» Problem requirements
Taking the line with "YueLJB USA Ohio" as the first and the line with "Parasit Fly/tachinid Fly/Tachina" as the last, set down exactly every line in that range from the entries below, and no more.

» Input for this task
Content starts

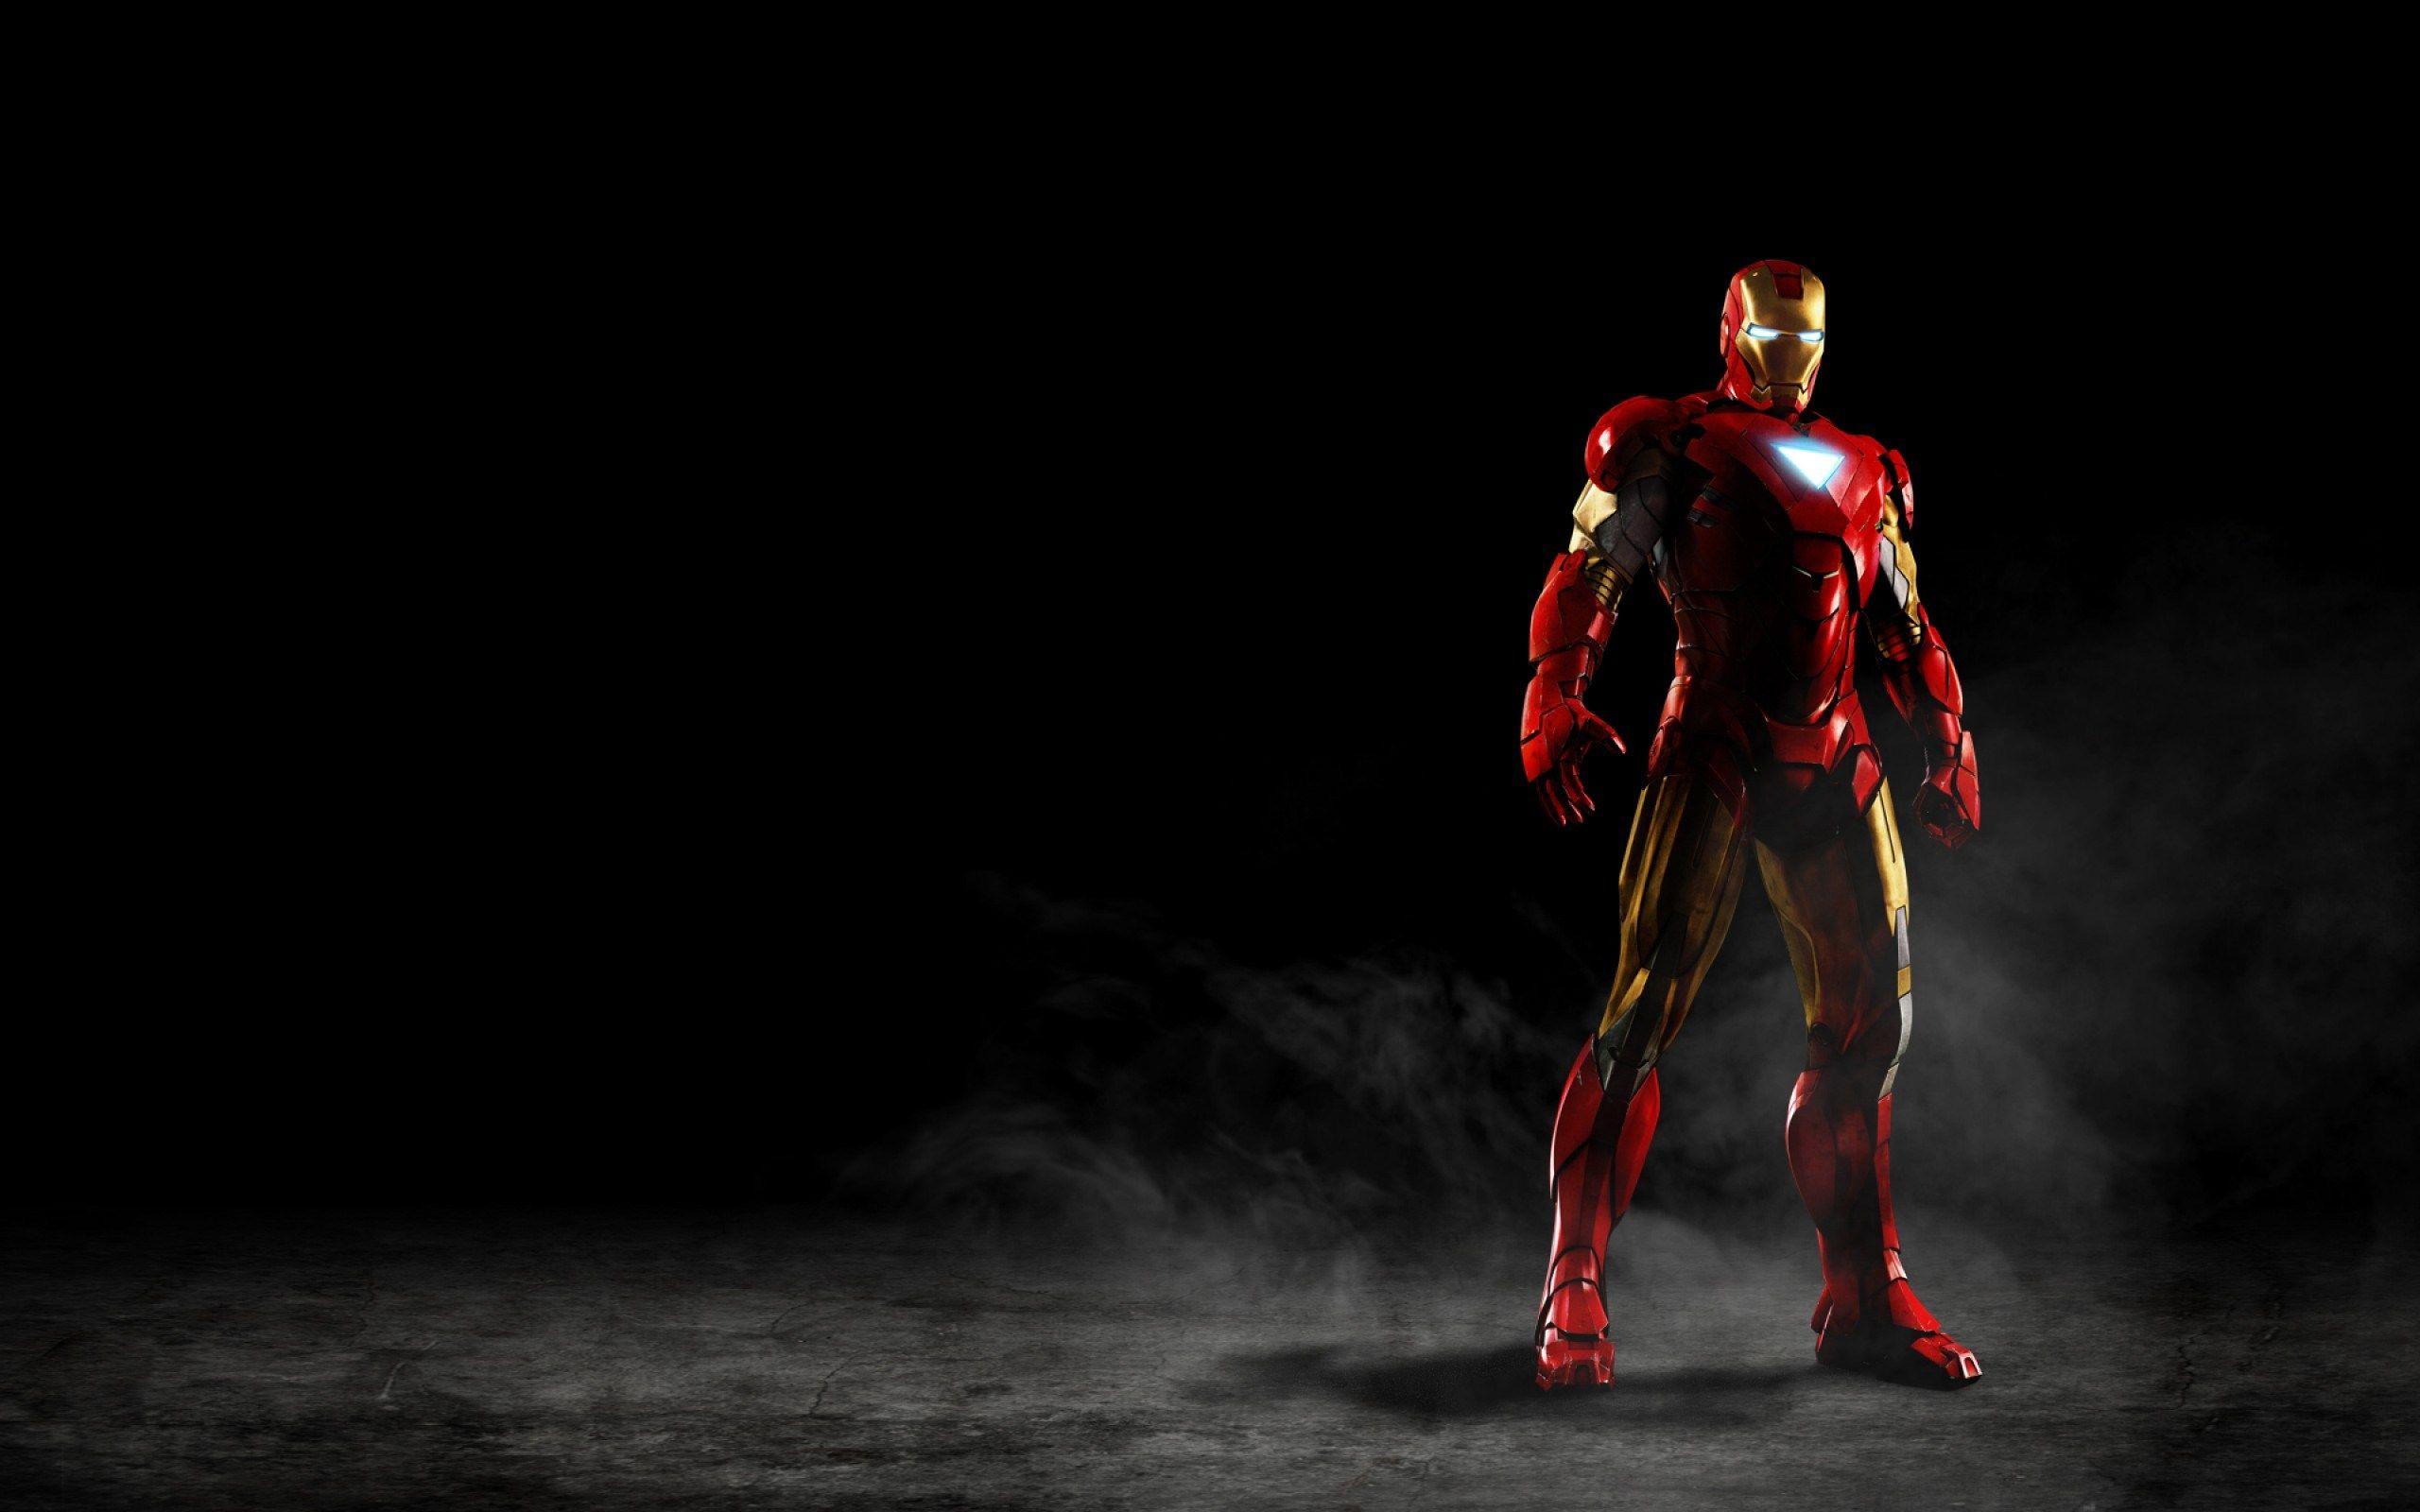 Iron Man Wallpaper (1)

Content ends
Content starts

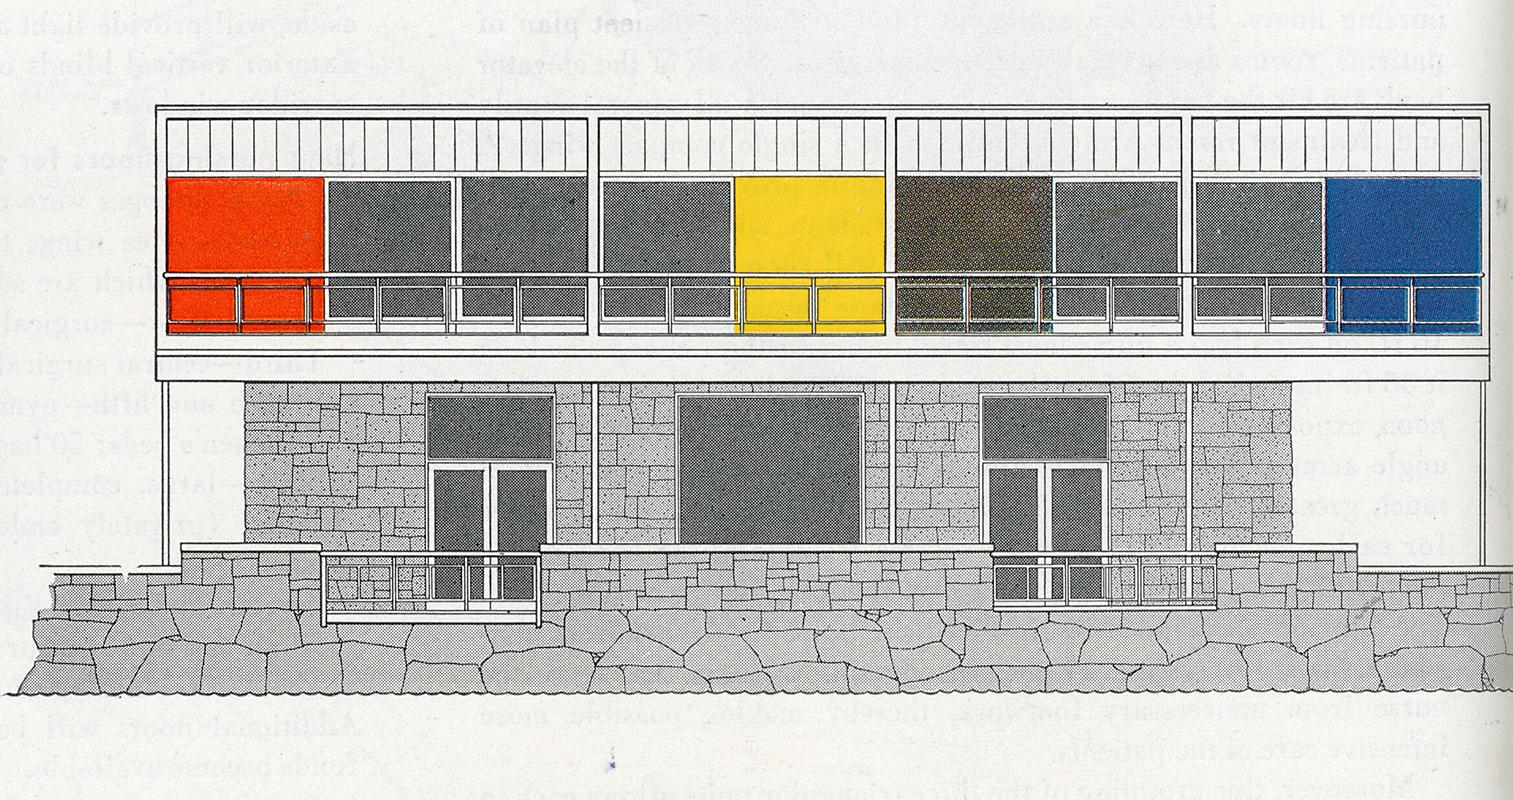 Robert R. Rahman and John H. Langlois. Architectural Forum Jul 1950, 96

Content ends
Content starts

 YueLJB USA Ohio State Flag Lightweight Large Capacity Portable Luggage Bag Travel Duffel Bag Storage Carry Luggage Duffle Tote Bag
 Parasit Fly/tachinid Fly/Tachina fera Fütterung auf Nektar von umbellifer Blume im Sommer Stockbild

Content ends

» Answer for this exercise
 YueLJB USA Ohio State Flag Lightweight Large Capacity Portable Luggage Bag Travel Duffel Bag Storage Carry Luggage Duffle Tote Bag
 Parasit Fly/tachinid Fly/Tachina fera Fütterung auf Nektar von umbellifer Blume im Sommer Stockbild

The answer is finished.